This book has introduced the reader to the principles of EM scattering theory along with the basic linear (or direct) reconstruction approaches of MW and millimeter-wave imaging. It has been emphasized that the linear reconstruction methods suffer from limitations stemming from the linearizing approximations of the forward model of scattering. The linearized models are incapable of taking into account multiple scattering and mutual-coupling effects. Such effects dominate the scattering in complex heterogeneous objects such as living tissue, luggage items, and structural components in civil engineering.

This is why the forefront of MW imaging research is focused on reconstruction approaches that can tackle nonlinear scattering. Yet, research and development in MW nonlinear reconstruction demand familiarity with the basics of scattering theory and linear reconstruction along with some understanding of the nature of the MW signals and measurements. Familiarity with linear reconstruction methods is especially important because these are often employed as modules in nonlinear inversion strategies.
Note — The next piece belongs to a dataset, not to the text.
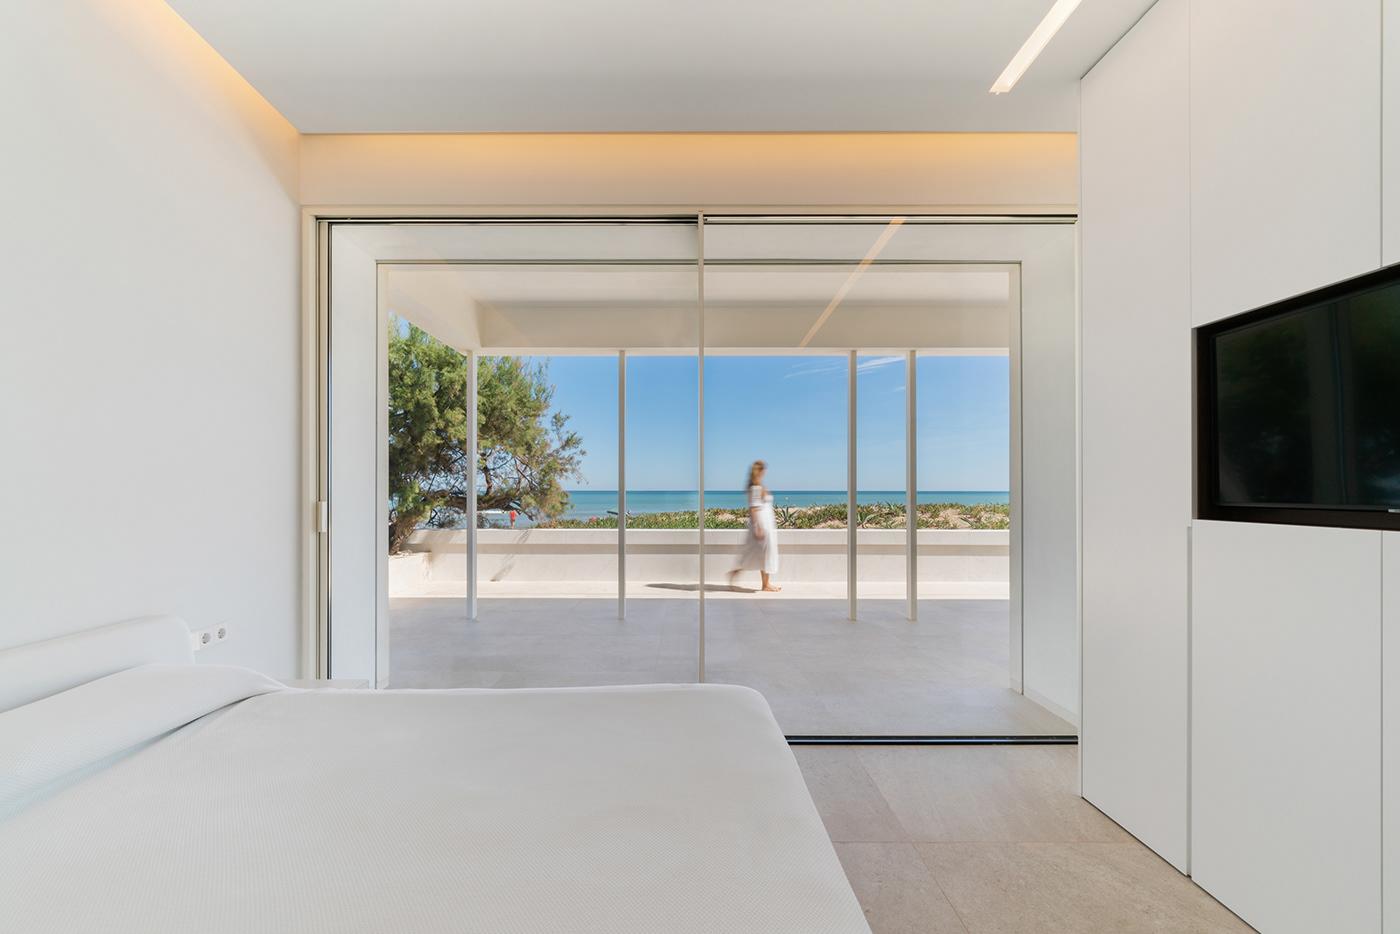 architect architecture Beach house building design dune minimal modern Photography  spain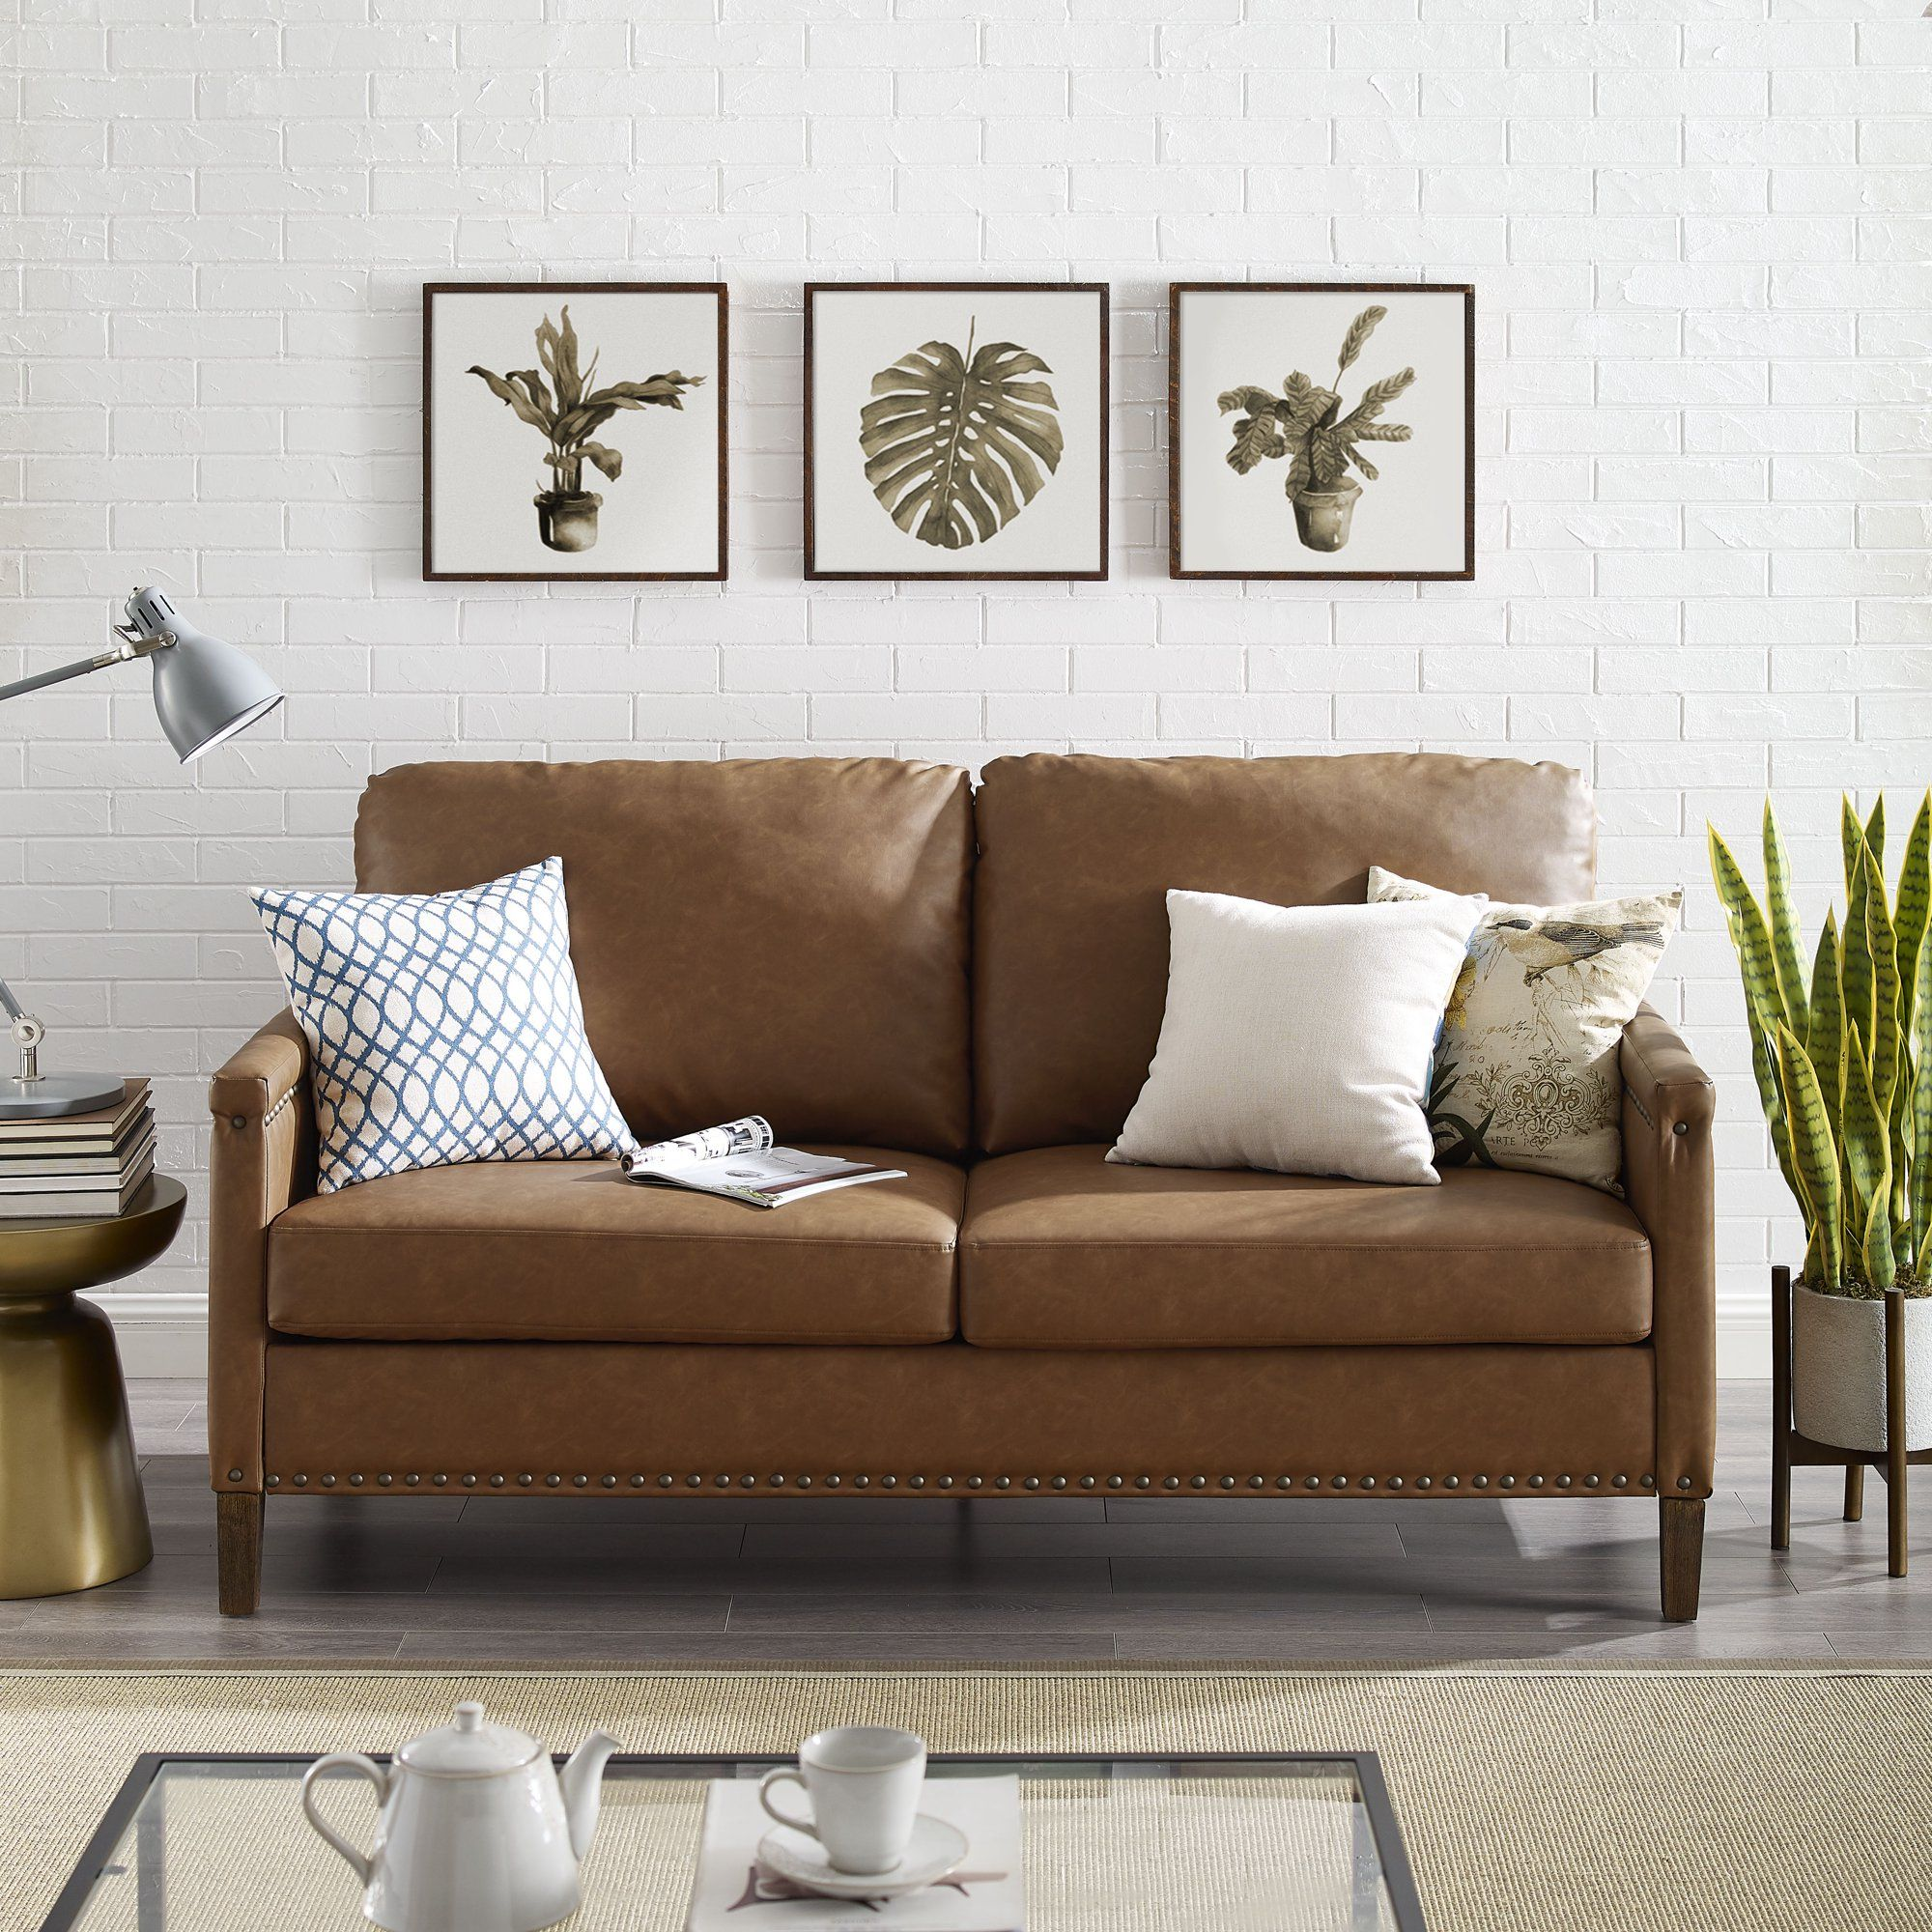 a330c38f77ee62f9f901a903cf01be93 - Better Homes And Gardens Oxford Square Sofa Taupe

It is the author's hope that this text has aided the novice on a difficult journey through a thick forest of equations in mathematical physics and an overwhelming gallery of clever inversion techniques to the highly technical subject of MW metrology. By no means is the present text exhaustive. Numerous references have been provided throughout and many more exist in the scientific and engineering literature. MW imaging is a vast and dynamic field of research, and one has to keep an eye on new developments.

But most importantly, it is the author's hope that the reader will continue this journey. The next big step is nonlinear reconstruction. The monograph of Pastorino [46] dedicates special attention to this subject and contains an extensive list of references. The applications of microwaves in medical imaging almost exclusively employ nonlinear strategies. Overviews of these applications can be found in [93, chapter 7], [257], and [134, 135].

Here is a taste of what lies ahead. The nonlinear reconstruction approaches share two common characteristics. First, they are quantitative, i.e., they are, in principle, capable of recovering the complex permittivity distribution of the object under test (OUT). This is a consequence of their second common characteristic: they do not employ linearizing approximations regarding the internal field distribution in the OUT such as the Born or Rytov approximations that we discussed in Sections 1.13 through 1.18.